No. 14 – April 25, 2025

Legal & Regulatory Updates


Transfer and mortgage fees reduced to 0.01 percent for properties under THB 7 million


Effective April 22, the Thai government has reduced both property transfer and mortgage registration fees to 0.01 percent for real estate purchases valued up to THB 7 million (USD 210,000).

measure, issued by the Ministry of Interior, applies to residential buildings such as single houses, twin houses, and townhouses, as well as commercial buildings or land with such structures. It covers transactions in which both the purchase price and appraised value do not exceed THB 7 million, and the mortgage does not exceed the same amount.

 

This fee reduction is part of the government’s strategy to stimulate the real estate sector and alleviate financial burdens for Thai nationals seeking home ownership. The policy will remain in effect until June 30, 2026, and is limited to natural persons of Thai nationality. The Cabinet approved the initiative on April 8 under the authority granted by Ministerial Regulation No. 47 issued under the Land Code Act. [Thai PBS, in Thai]

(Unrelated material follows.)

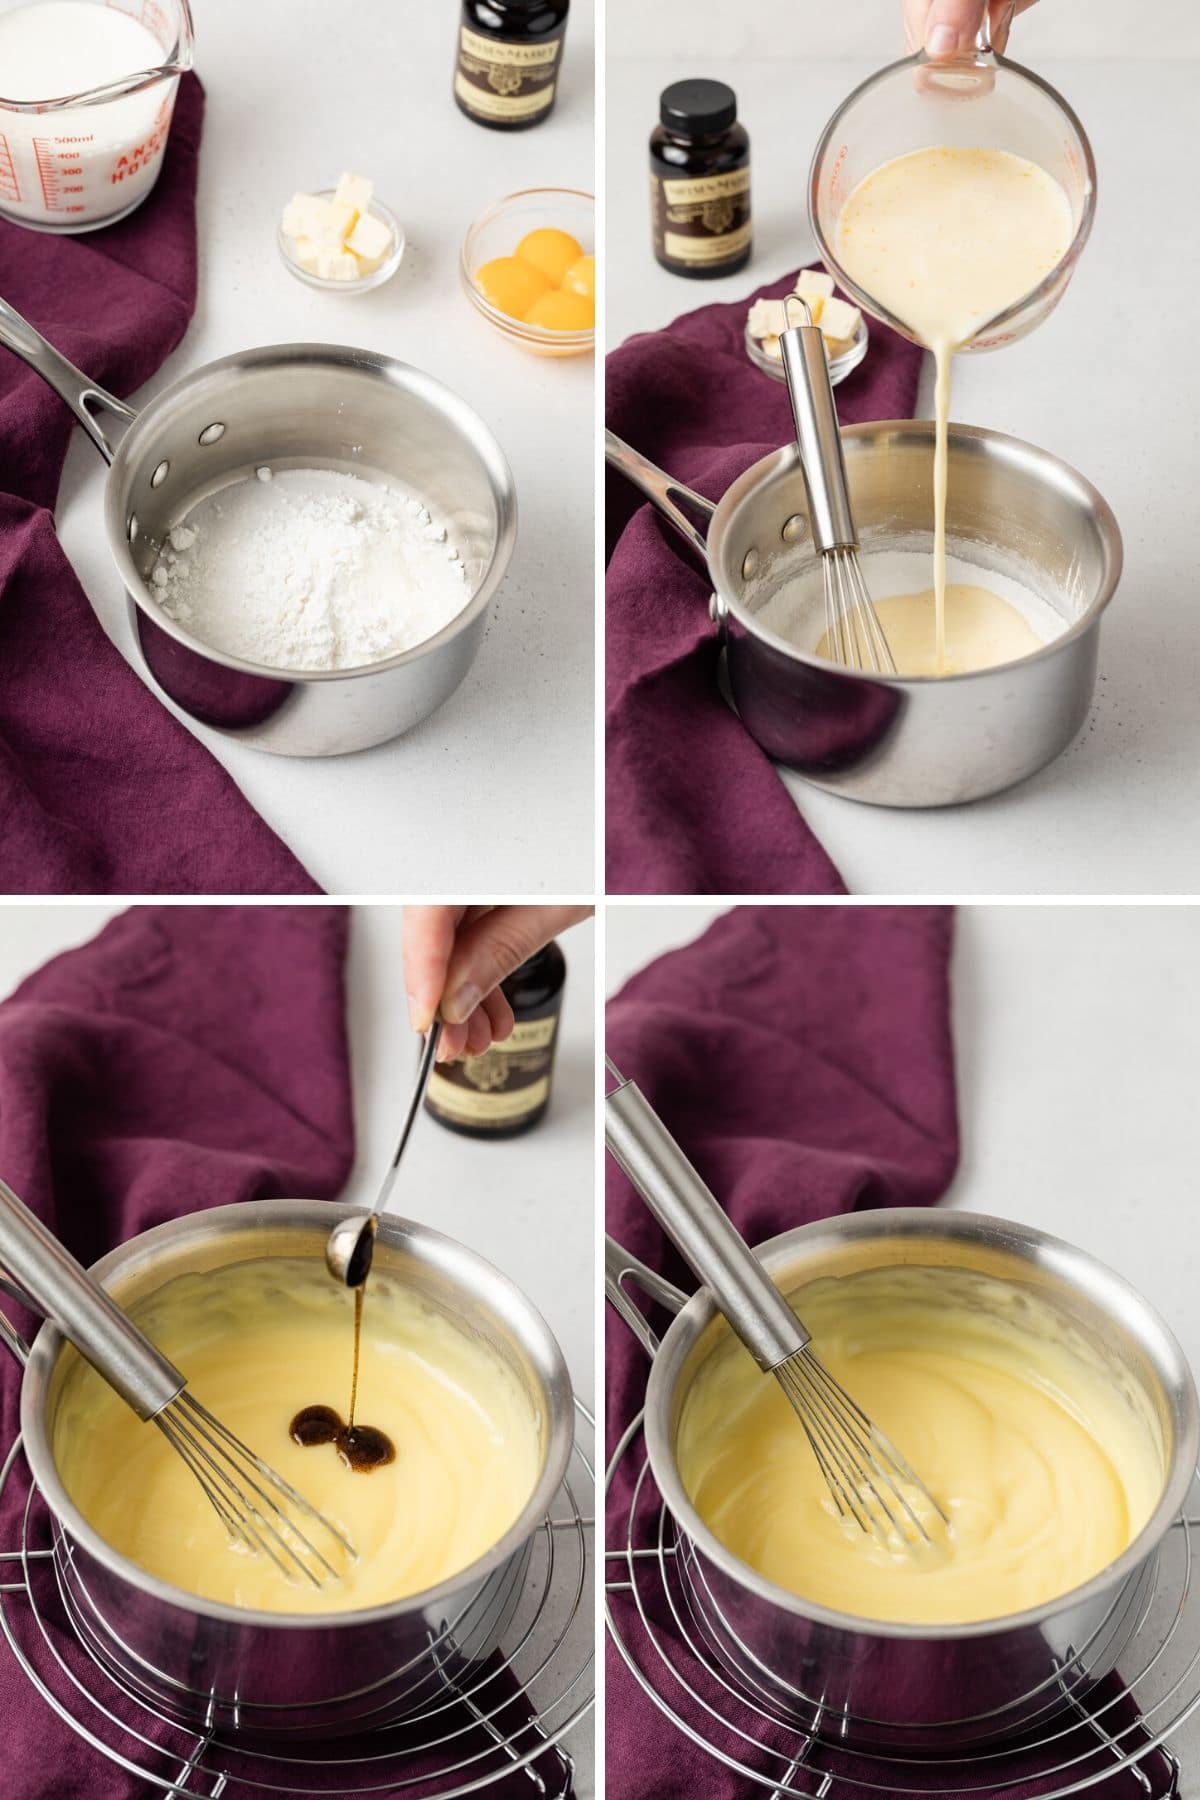 Process shots showing how to make creme patissiere.

Tougher legal action threatens e-cigarette users with charges of receiving smuggled goods


The Thai government has announced plans to intensify its crackdown on e-cigarette users, warning that they could face charges for receiving smuggled products. Under the Customs Act, those found guilty of possessing smuggled e-cigarettes could face up to five years in prison and fines up to four times the value of the smuggled goods, along with any applicable duties.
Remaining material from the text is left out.